THE INPUT:
== Segment start ==
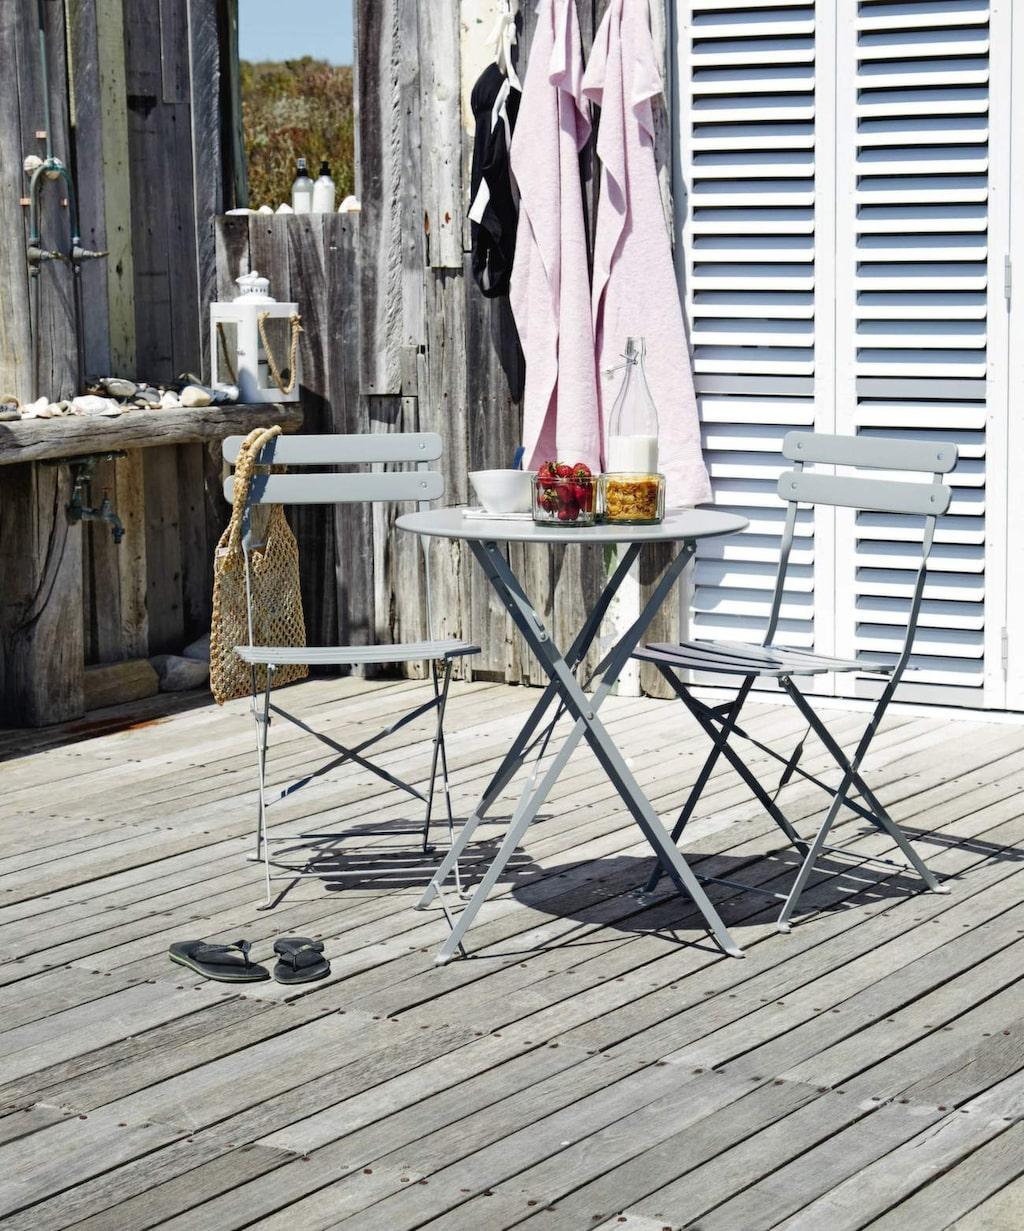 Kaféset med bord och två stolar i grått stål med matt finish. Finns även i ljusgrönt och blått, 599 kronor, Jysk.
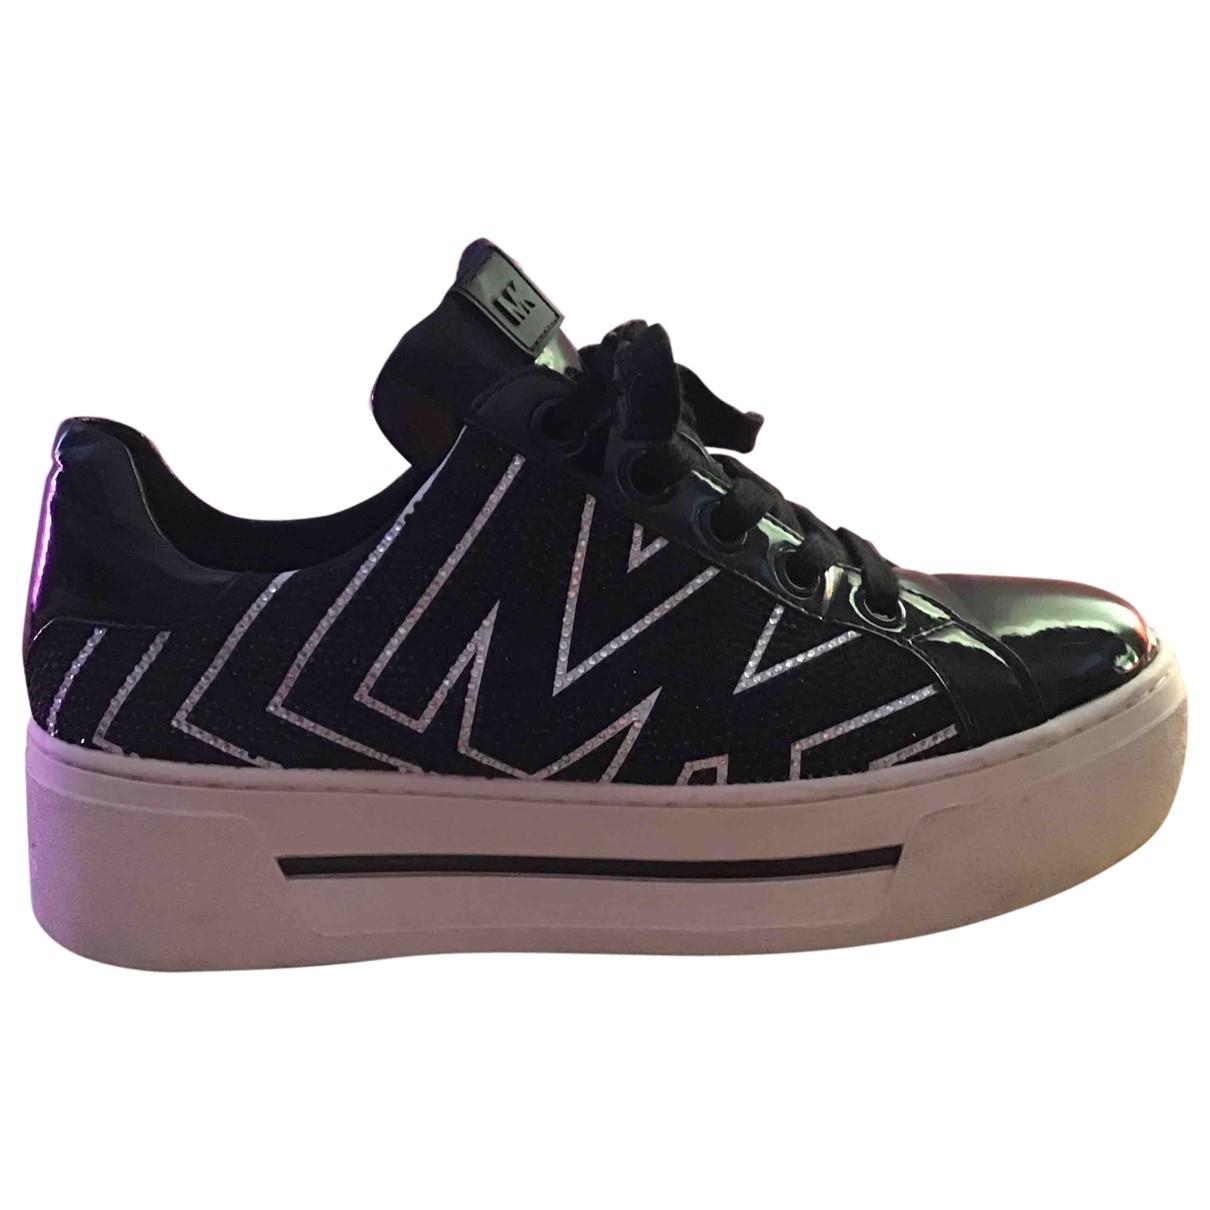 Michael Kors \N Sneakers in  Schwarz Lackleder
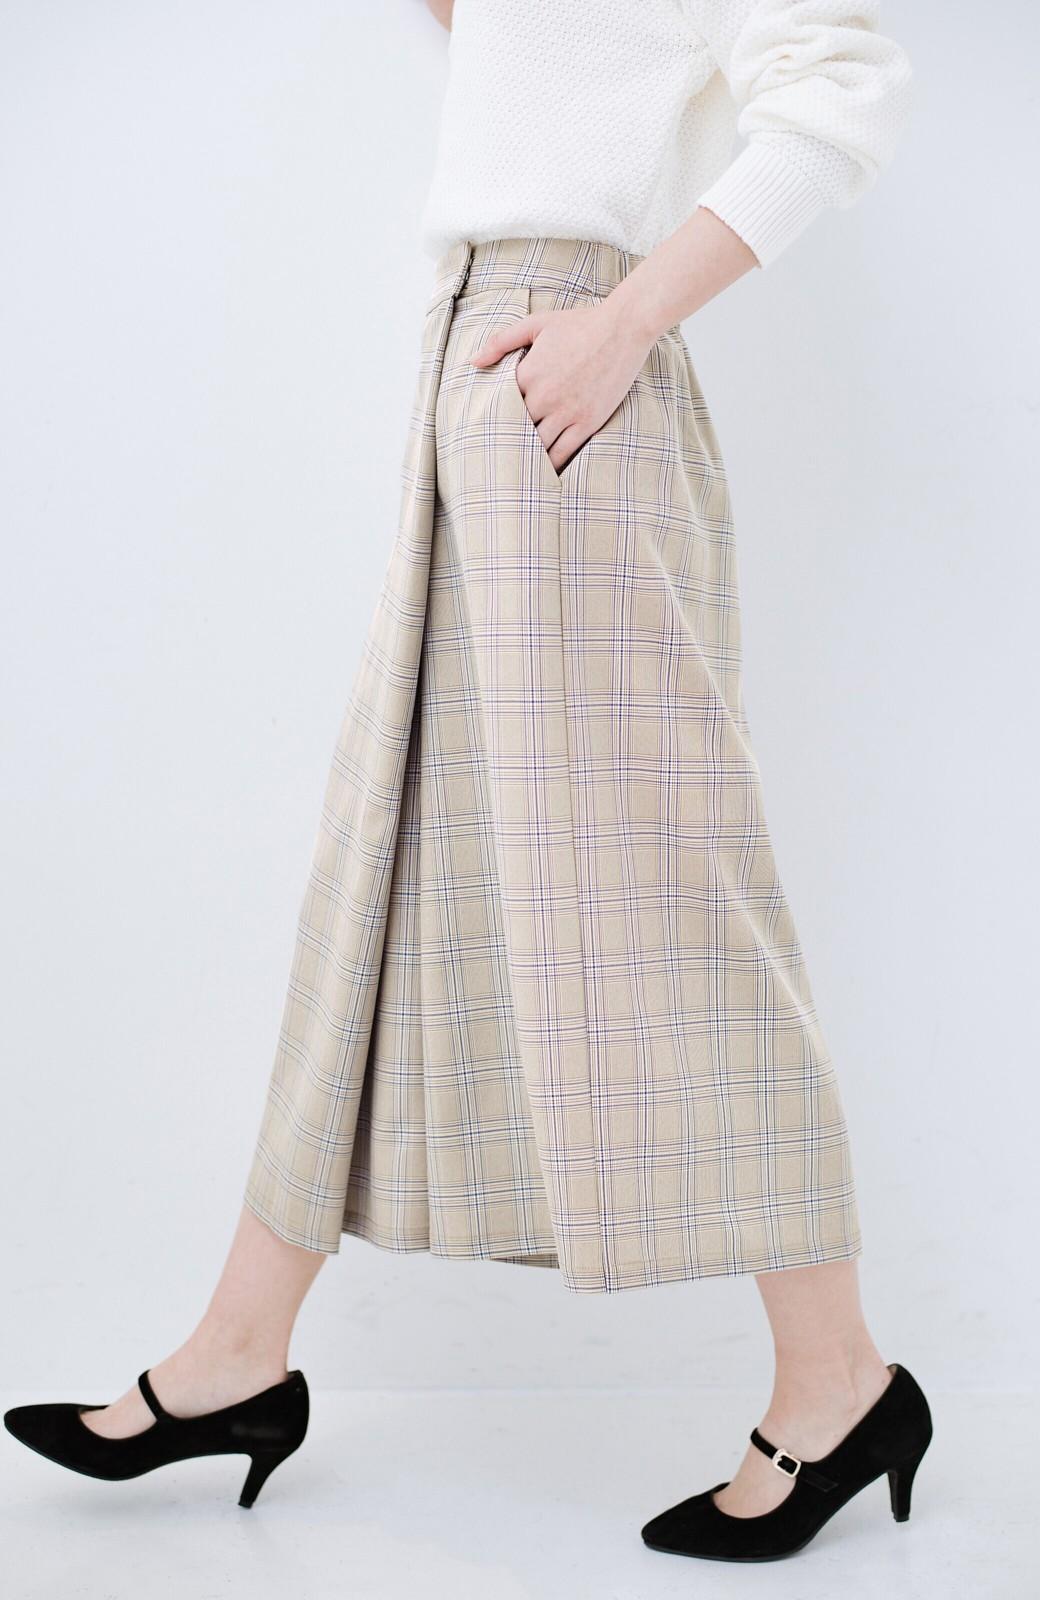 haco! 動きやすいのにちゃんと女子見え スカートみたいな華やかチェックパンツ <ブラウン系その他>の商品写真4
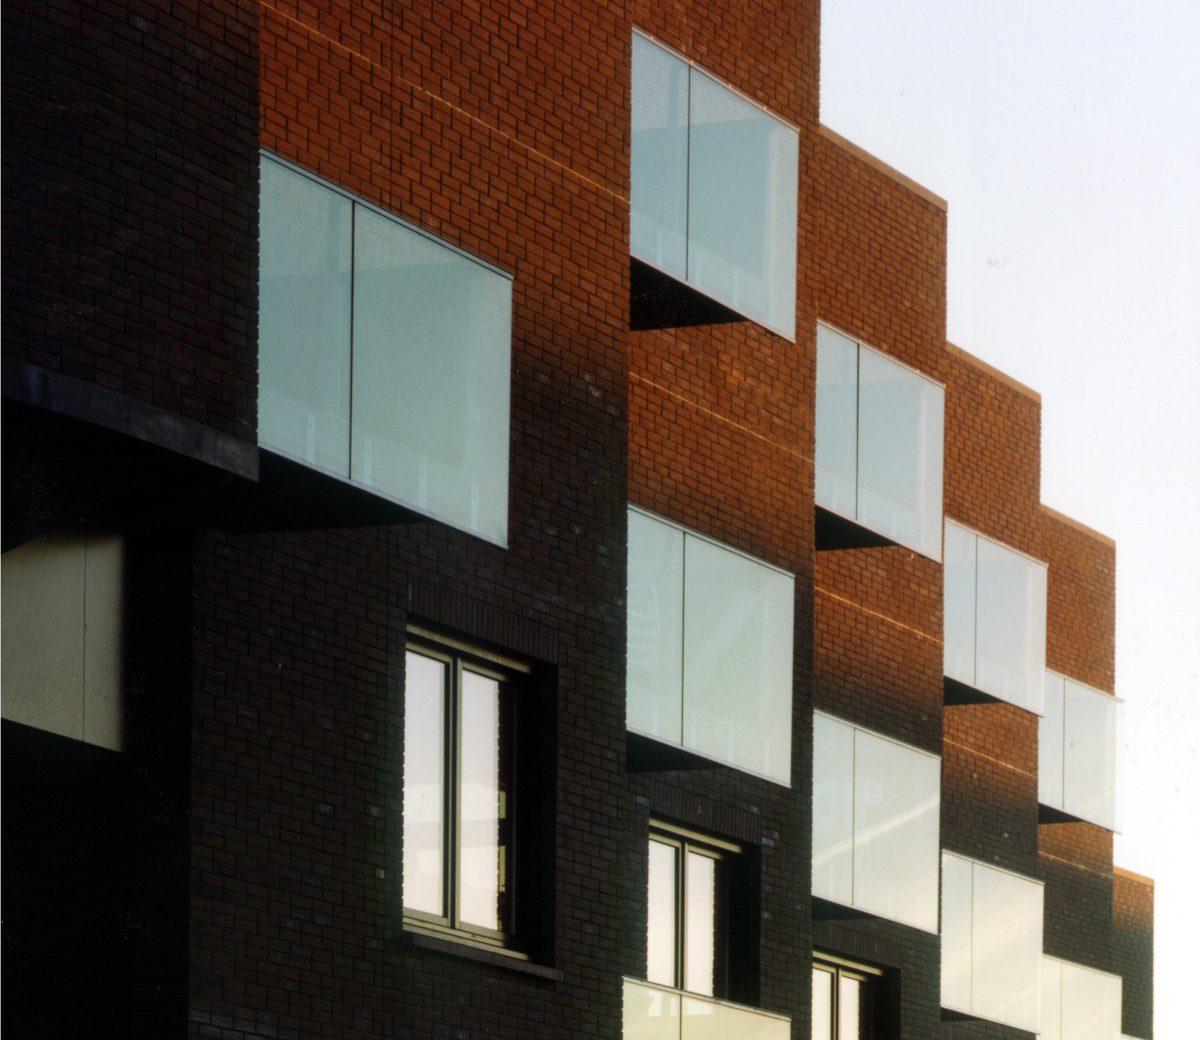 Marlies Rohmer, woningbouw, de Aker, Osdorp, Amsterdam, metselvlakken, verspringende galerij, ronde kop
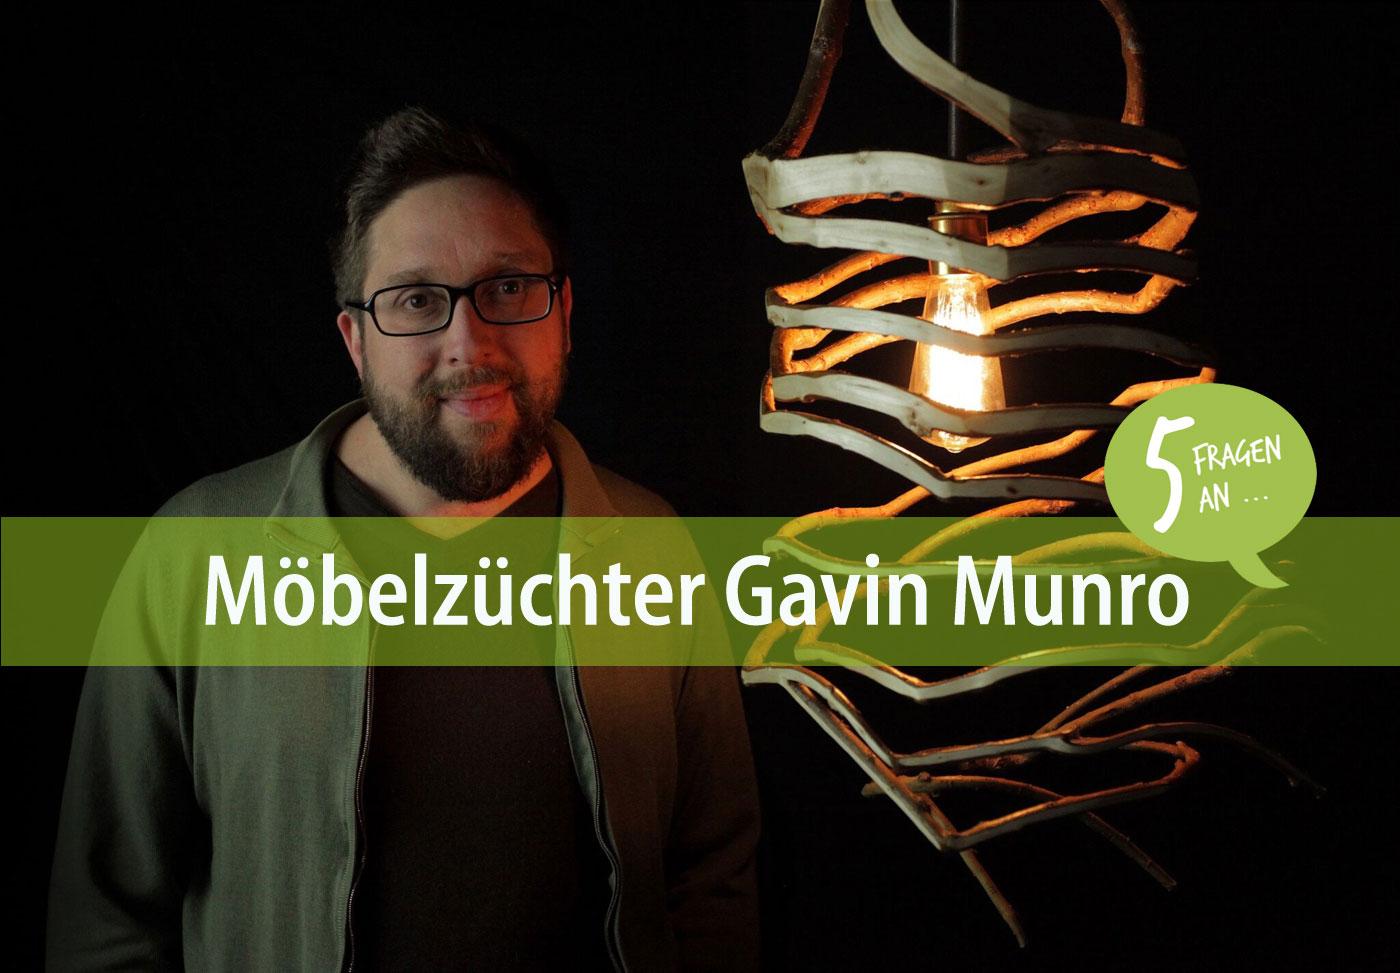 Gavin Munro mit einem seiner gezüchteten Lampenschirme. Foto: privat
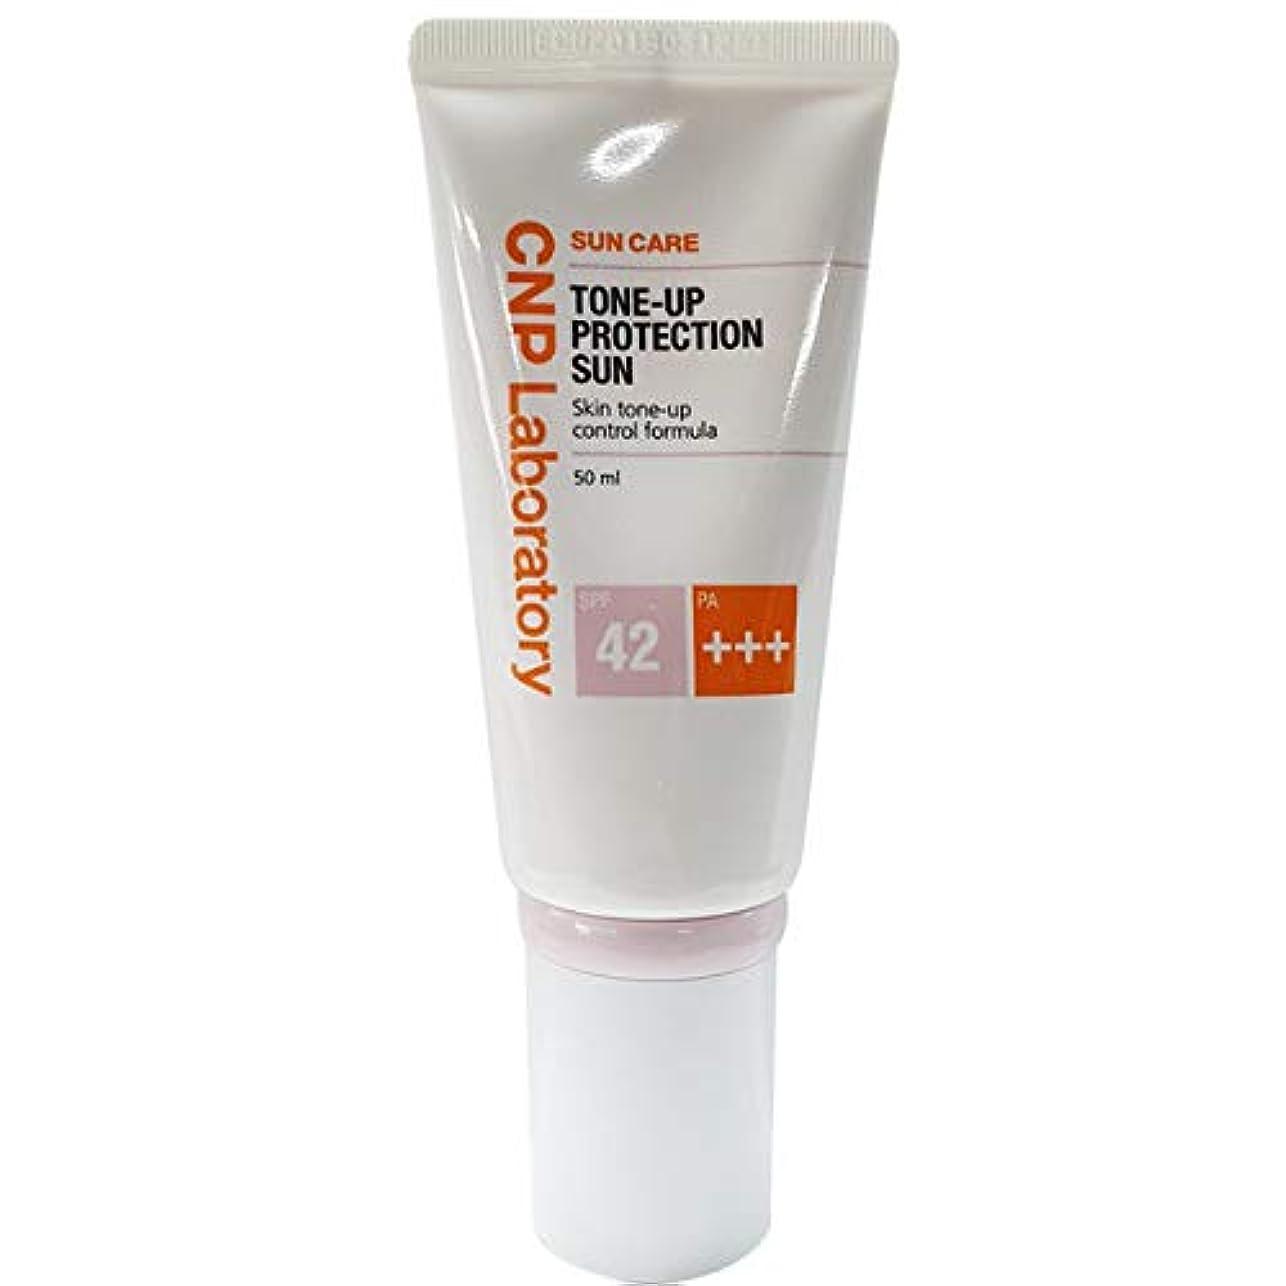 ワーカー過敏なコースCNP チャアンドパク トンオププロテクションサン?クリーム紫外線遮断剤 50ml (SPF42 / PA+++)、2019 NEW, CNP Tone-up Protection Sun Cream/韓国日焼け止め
== Segment end ==
Copy the listing exactly but drop its images.

TASK OUTPUT:
 Kaféset med bord och två stolar i grått stål med matt finish. Finns även i ljusgrönt och blått, 599 kronor, Jysk.
 Michael Kors \N Sneakers in  Schwarz Lackleder
 haco! 動きやすいのにちゃんと女子見え スカートみたいな華やかチェックパンツ <ブラウン系その他>の商品写真4
 Marlies Rohmer, woningbouw, de Aker, Osdorp, Amsterdam, metselvlakken, verspringende galerij, ronde kop
 Gavin Munro mit einem seiner gezüchteten Lampenschirme. Foto: privat
 ワーカー過敏なコースCNP チャアンドパク トンオププロテクションサン?クリーム紫外線遮断剤 50ml (SPF42 / PA+++)、2019 NEW, CNP Tone-up Protection Sun Cream/韓国日焼け止め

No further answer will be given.